[TRY IT] From the line that contains "Xenoshyft Onslaught Core Game" through the last line of the data, copy everything exactly and nothing else, omitting the pictures.
◆ ◆ ◆ ◆
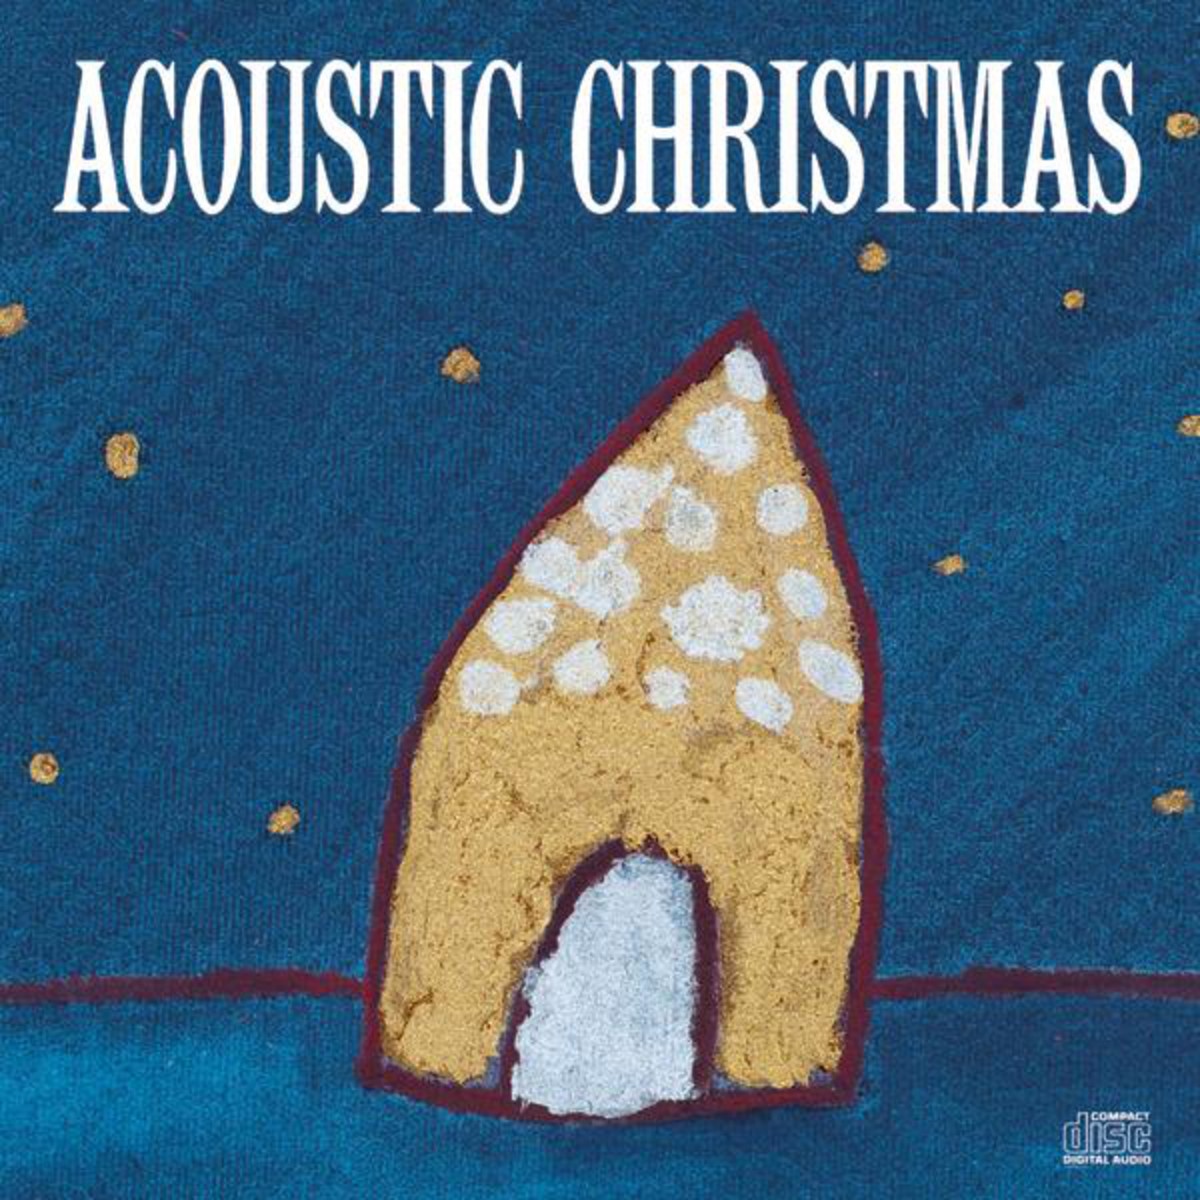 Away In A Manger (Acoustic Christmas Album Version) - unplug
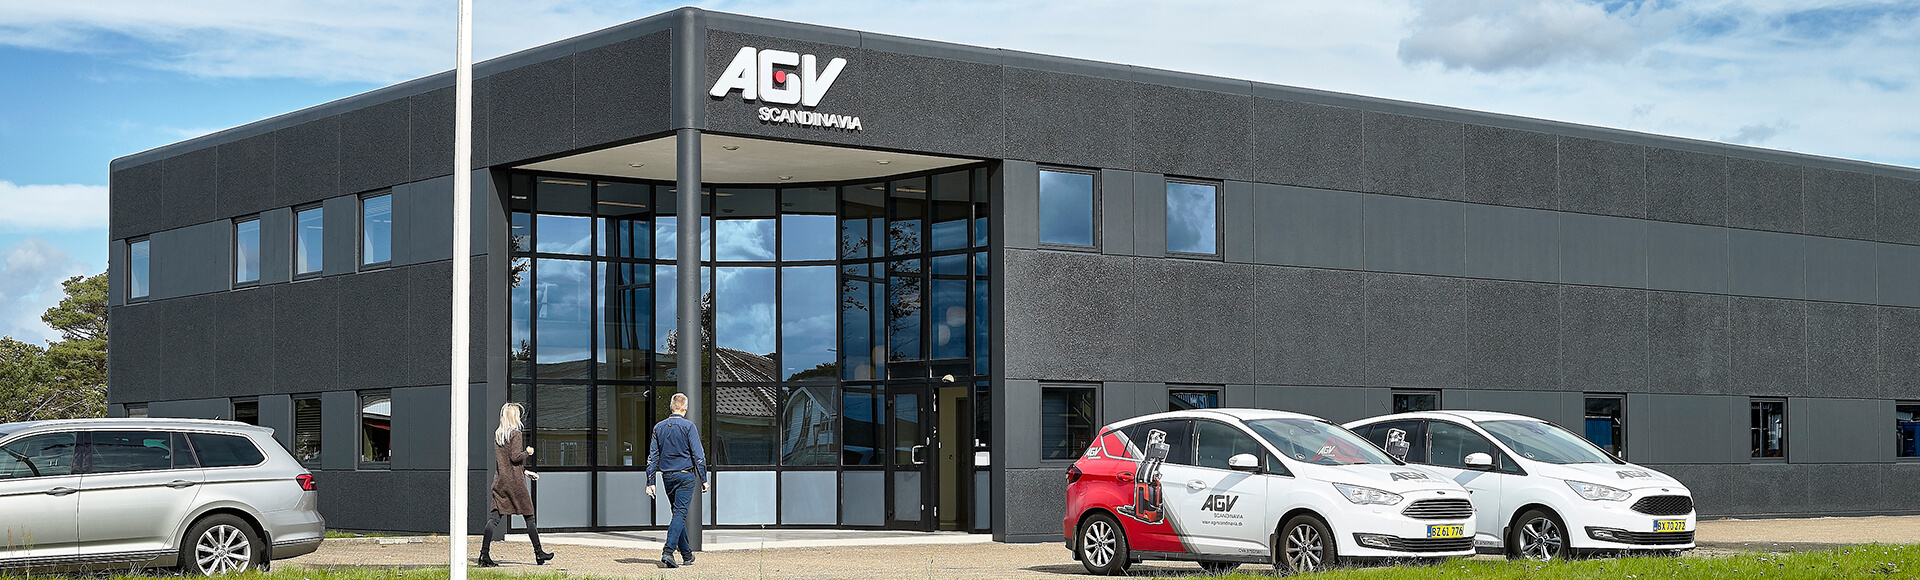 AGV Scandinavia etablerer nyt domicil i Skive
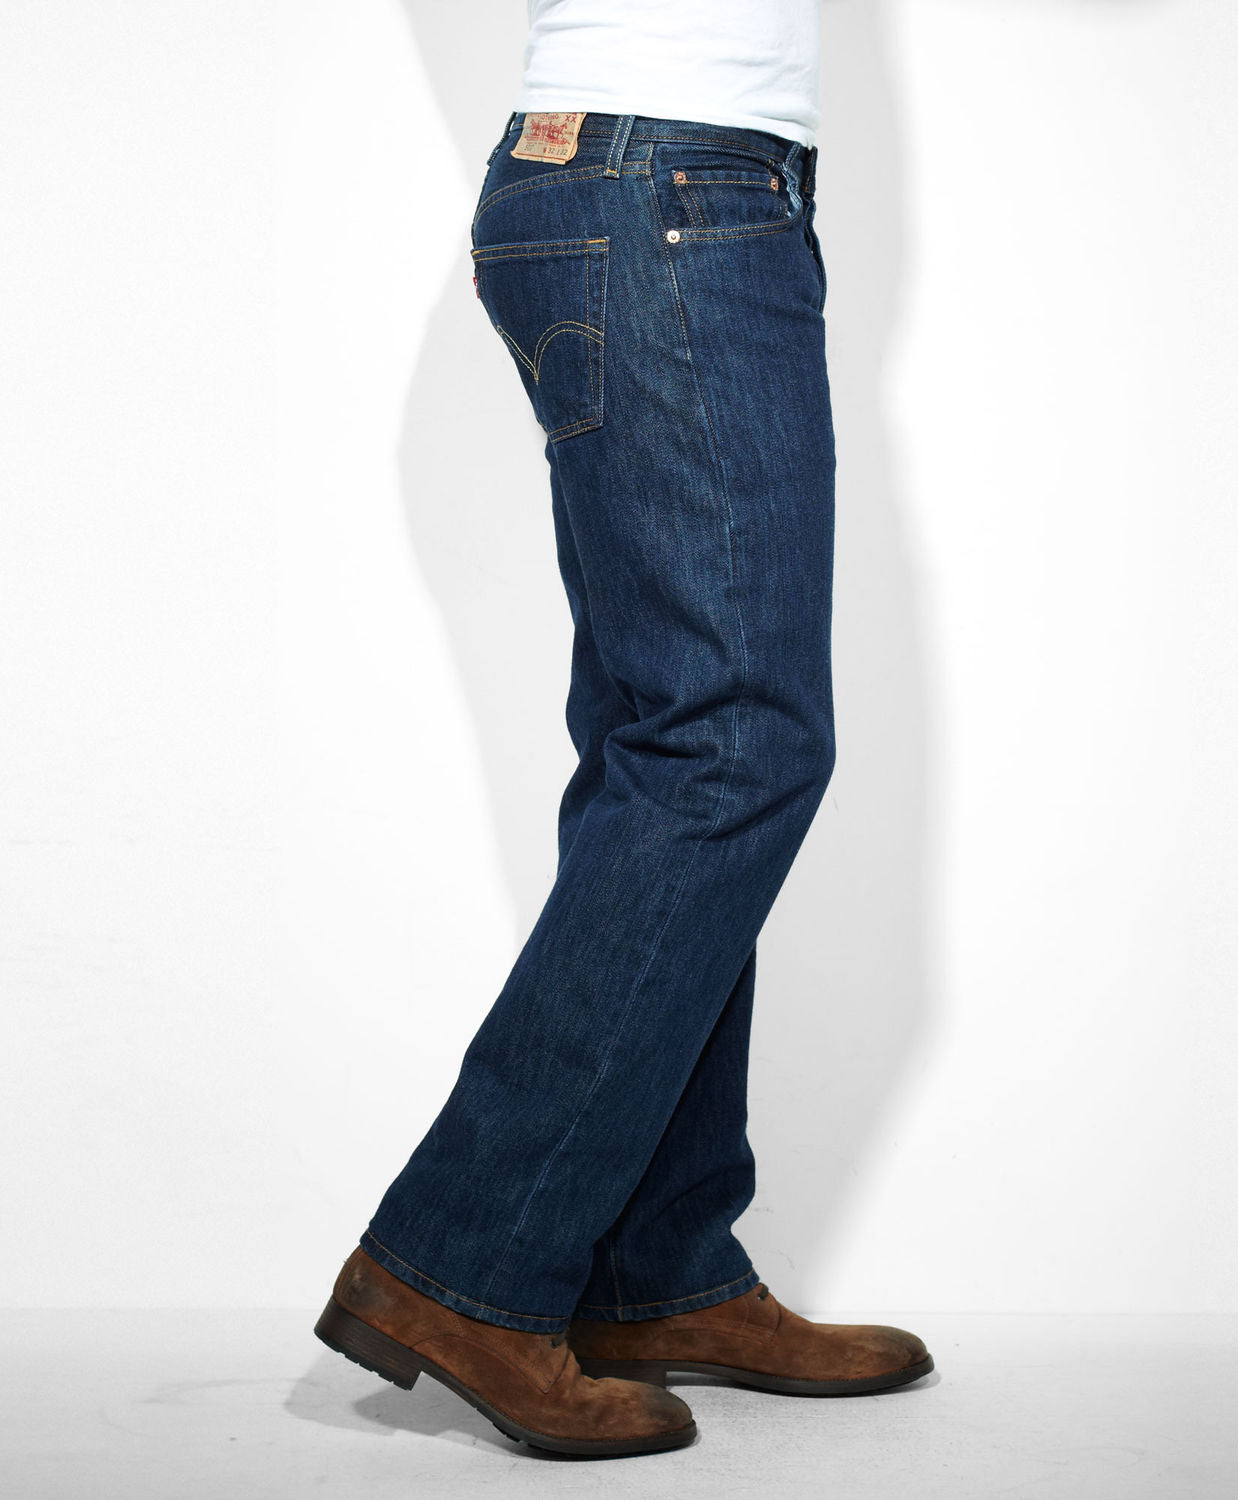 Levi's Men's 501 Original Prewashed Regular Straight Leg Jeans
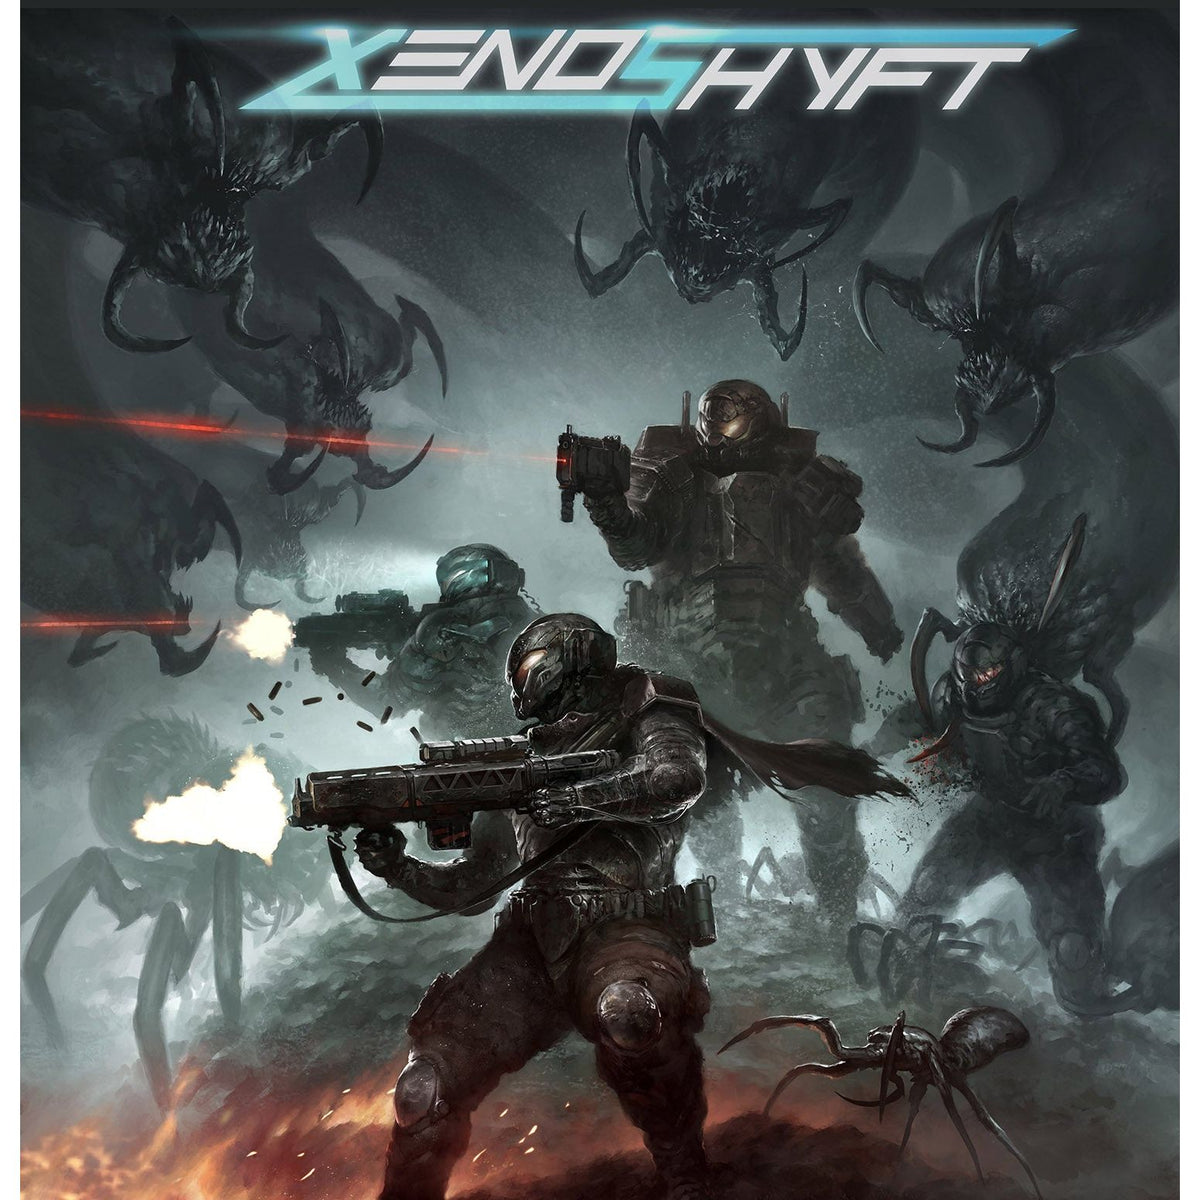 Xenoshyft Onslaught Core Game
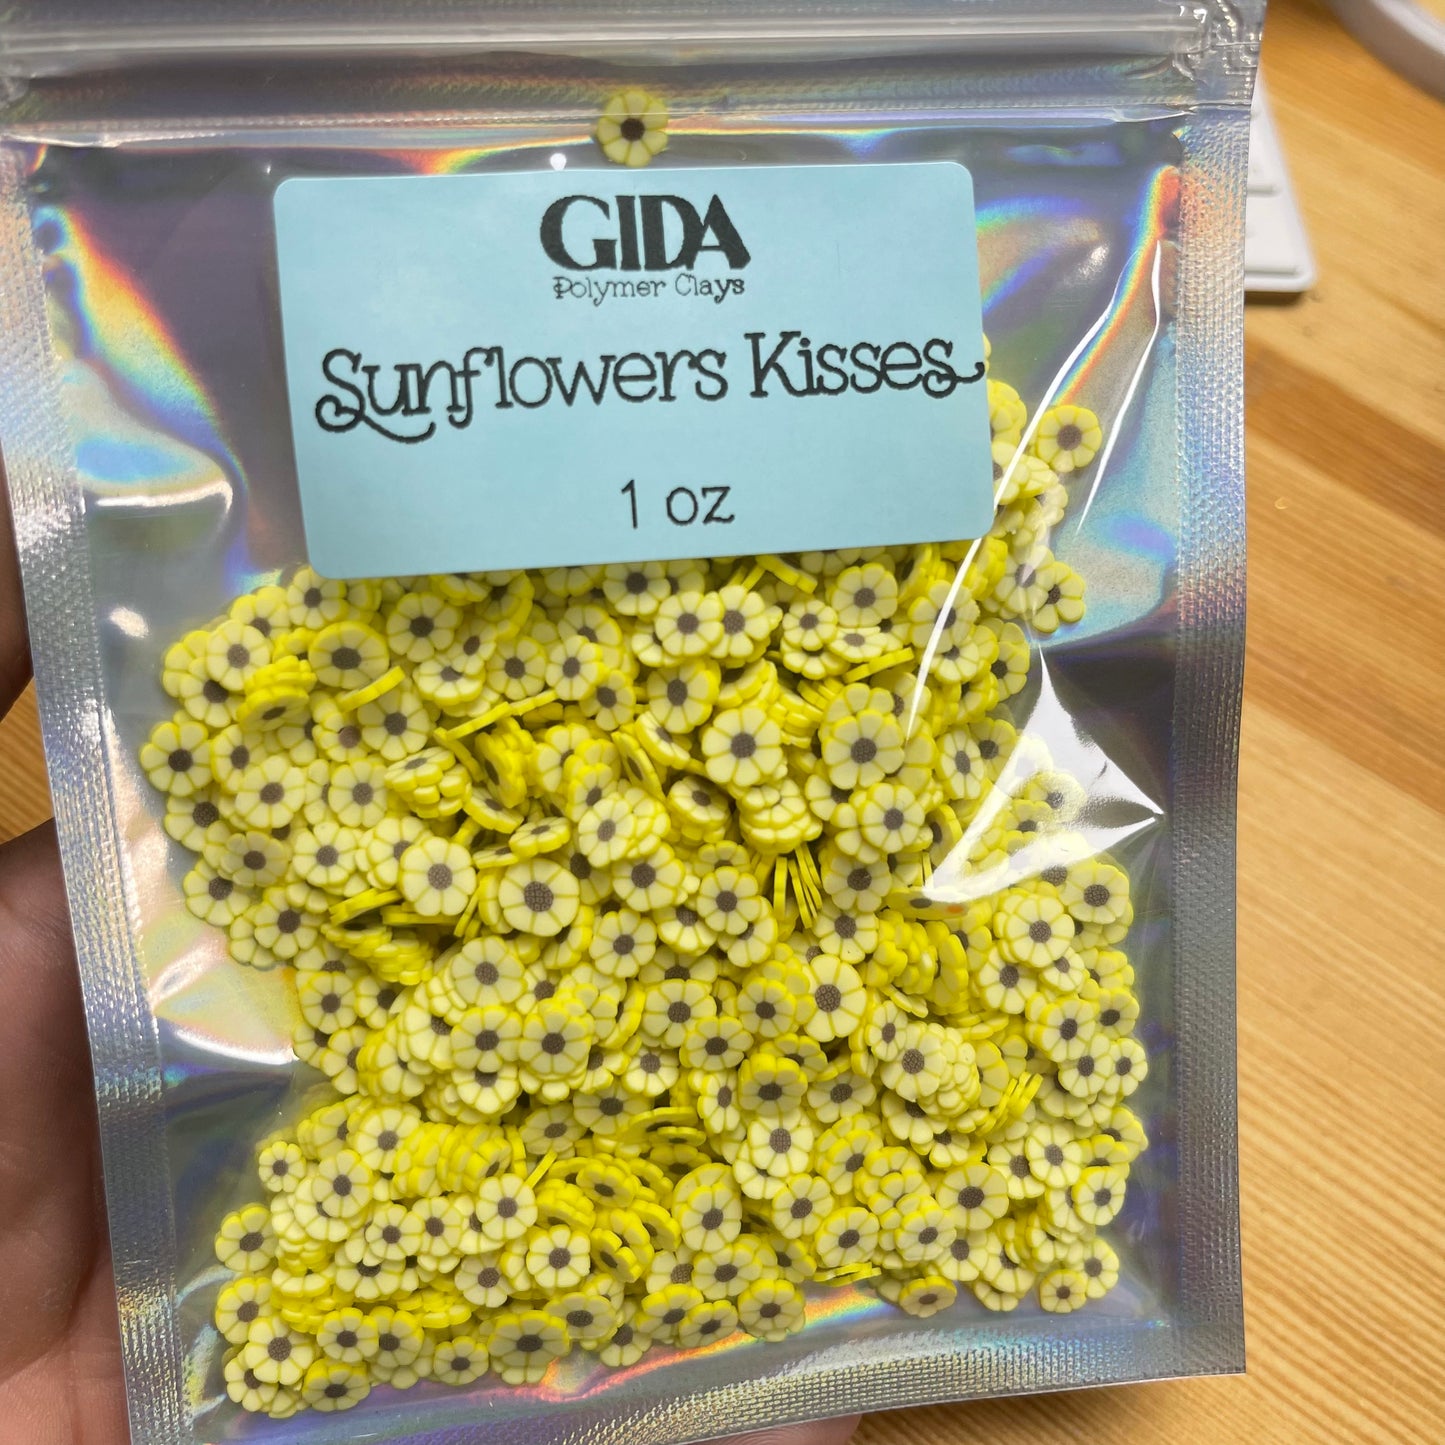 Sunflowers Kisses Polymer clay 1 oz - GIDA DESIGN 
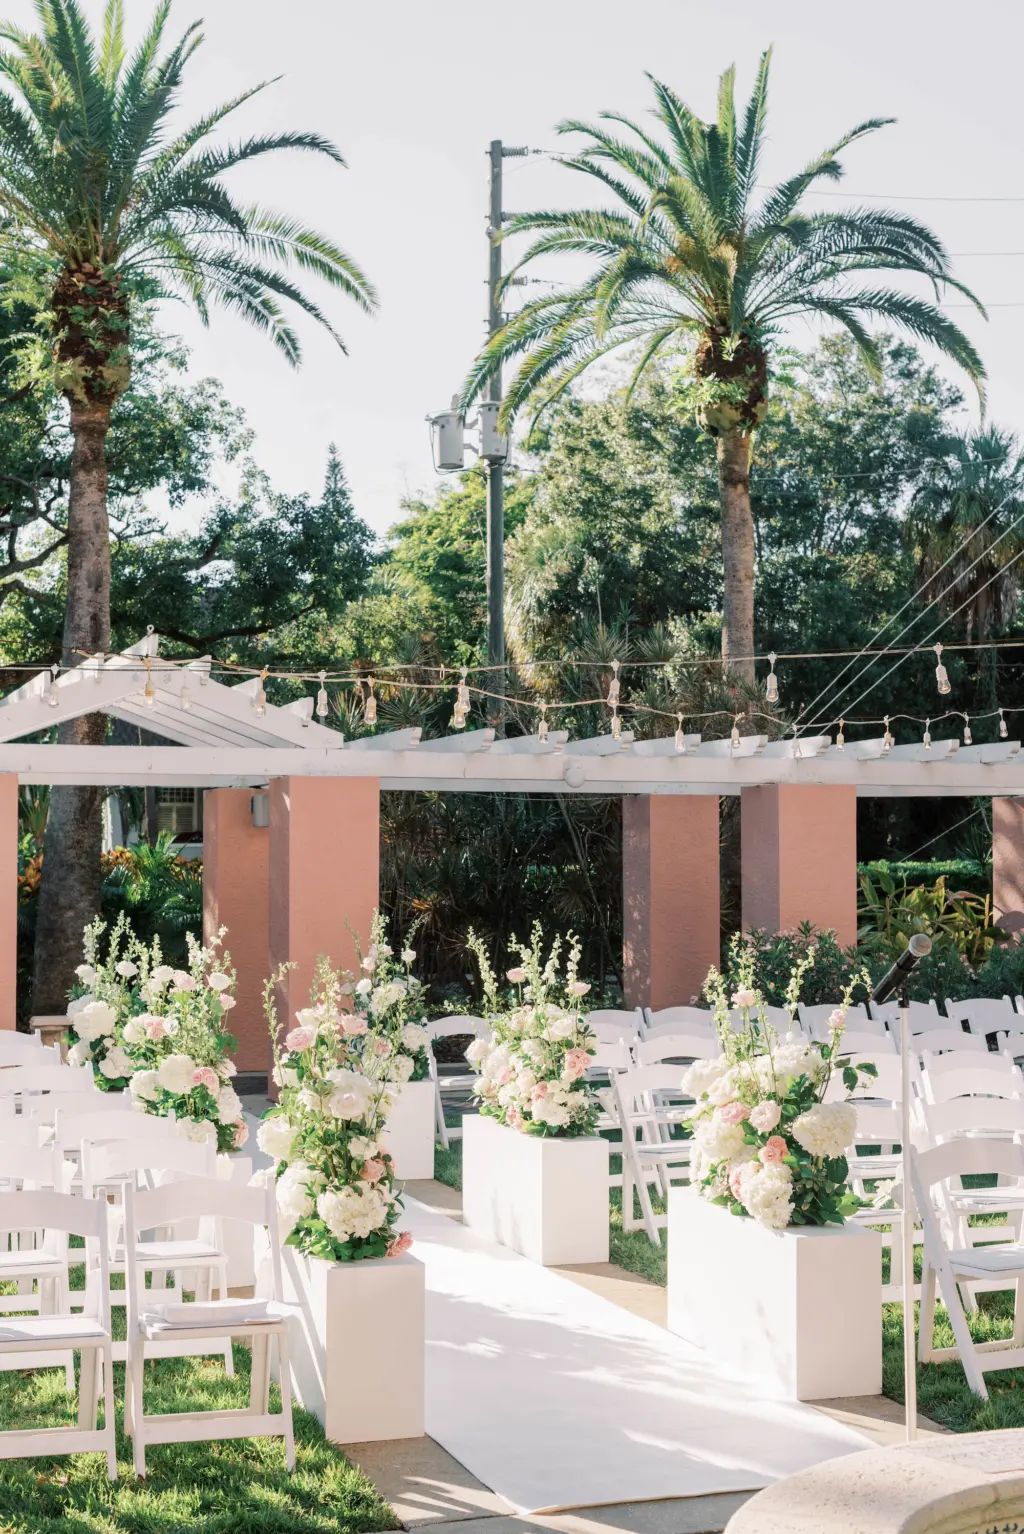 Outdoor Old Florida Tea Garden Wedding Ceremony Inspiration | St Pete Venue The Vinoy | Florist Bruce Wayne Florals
◆ ◆ ◆ ◆
[WRITTEN SOLUTION]
 Xenoshyft Onslaught Core Game
 Sunflowers Kisses Polymer clay 1 oz - GIDA DESIGN 
 Outdoor Old Florida Tea Garden Wedding Ceremony Inspiration | St Pete Venue The Vinoy | Florist Bruce Wayne Florals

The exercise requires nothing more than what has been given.